Recently I have been learning some of the basic concepts of limits and in my academics. There I have been taught some methods to evaluate indeterminant forms like $1^\infty$, $0^0$ and $\infty^0$.
Like one of the method to evaluate $1^\infty$ form is right here,
$$\lim_{x\to a}f(x)^{g(x)}=\exp(\lim_{x\to a} g(x)[f(x)-1])$$
where $\lim_{x\to a}f(x)=1$ and $\lim_{x\to a}g(x)=\infty$
I also tried some of weary examples that seem to be impossible without this method. Here is one example.
Example 1: Evaluate
$$\lim_{x\to \infty}\left( \frac{p^\frac{1}{x}+q^\frac{1}{x}+r^\frac{1}{x}+s^\frac{1}{x}}{4}\right)^{3x}$$
Answer: First I replaced $\frac{1}{x}\rightarrow z$ equation becomes
$$\lim_{z\to 0}\left( \frac{p^{z}+q^{z}+r^{z}+s^{z}}{4}\right)^\frac{3}{z}$$
which is a $1^\infty$ form
furthur applying the method,
$$= \exp\left(\lim_{z\to 0}\left( \frac{p^{z}+q^{z}+r^{z}+s^{z}}{4}-1\right)\cdot \frac{3}{z}\right)$$
$$= \exp\left(\lim_{z\to 0}\left( \frac{(p^{z}-1)+(q^{z}-1)+(r^{z}-1)+(s^{z}-1)}{z}\right)\cdot \frac{3}{4}\right)$$
Now we know $\lim_{x\to 0}\frac{a^x-1}{x}=\ln a$. Hence,
$$= \exp\left((\ln p+\ln q+\ln r+\ln s)\cdot \frac{3}{4}\right)$$
$$= \exp\left(\ln pqrs\cdot \frac{3}{4}\right)$$
$$= pqrs^{\frac{3}{4}}$$
Now my question, I had perfectly understood that how we have to apply the formula to simplify the indeterminant but I still didn't know that how this formula came to existence. I really didn't know anything about it's proof and that's the thing which I have been searching here.

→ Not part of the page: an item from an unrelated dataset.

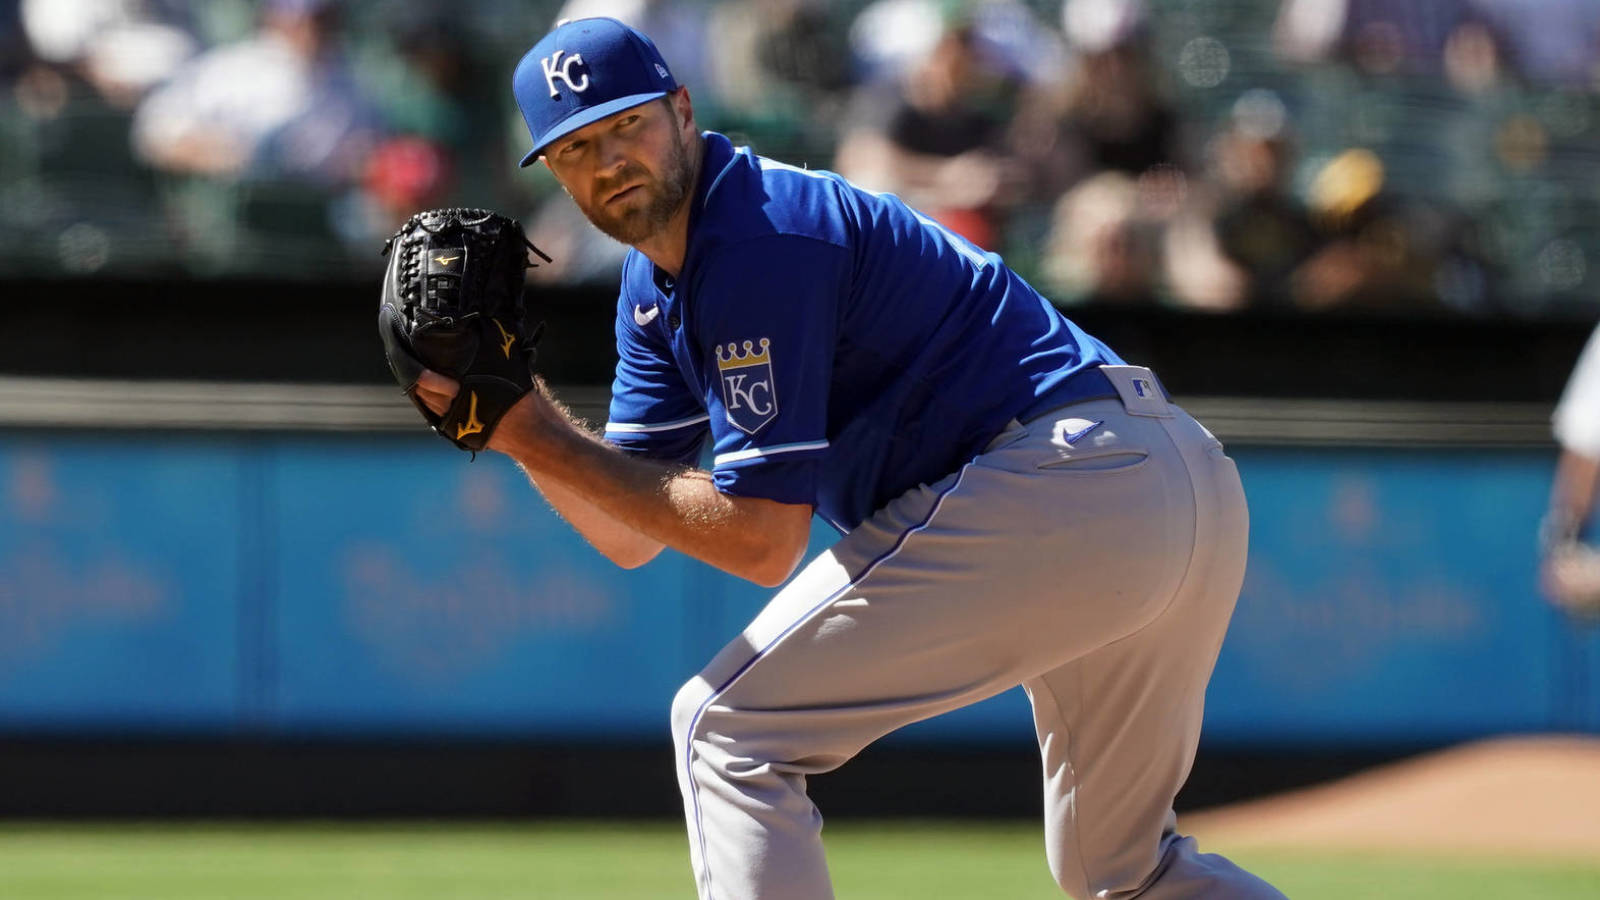 What Wade Davis brings to the Royals (and what other moves do they

Before answering the question please be informed that I am a beginner in calculus so please make it as easy as you can. If you think that it's quite difficult to explain this in easy way then you can of course go with the usual one, I'll try my best to understand it and if necessary I'll show it to my teacher to understand it.
Thanks in advance!
Proof:
We'll use a known inequality: $$ 1-\frac{1}{x} < \ln x < x-1 \ \ \ \text{ for } \ \ \ x > 0 $$ Now $$ \lim_{x\to a}[f(x)]^{g(x)} = \lim_{x\to a} \exp (g(x) \ln f(x) ) $$ Since exp is continuous it will suffice if we will examine the limit of its argument: $$ \lim_{x\to a} g(x) \ln f(x) \leq \lim_{x\to a} g(x) (f(x) - 1) $$ And on the other side: $$ \lim_{x\to a} g(x) \ln f(x) \geq \lim_{x\to a} g(x)\left[ \frac{f(x) - 1}{f(x)}\right] $$ But since $\lim_{x\to a} f(x) = 1$, we have: $$ \lim_{x\to a} g(x)\left[ \frac{f(x) - 1}{f(x)}\right] = \lim_{x\to a} g(x) (f(x) - 1) $$ Thus: $$ \exp\left(\lim_{x\to a} g(x) (f(x) - 1)\right) \leq \lim_{x\to a} \exp \left( g(x) \ln f(x) \right) \leq \exp\left(\lim_{x\to a} g(x) (f(x) - 1)\right) $$ Thus: $$ \lim_{x\to a} \exp \left( g(x) \ln f(x) \right) = \exp\left(\lim_{x\to a} g(x) [f(x) - 1]\right) \square $$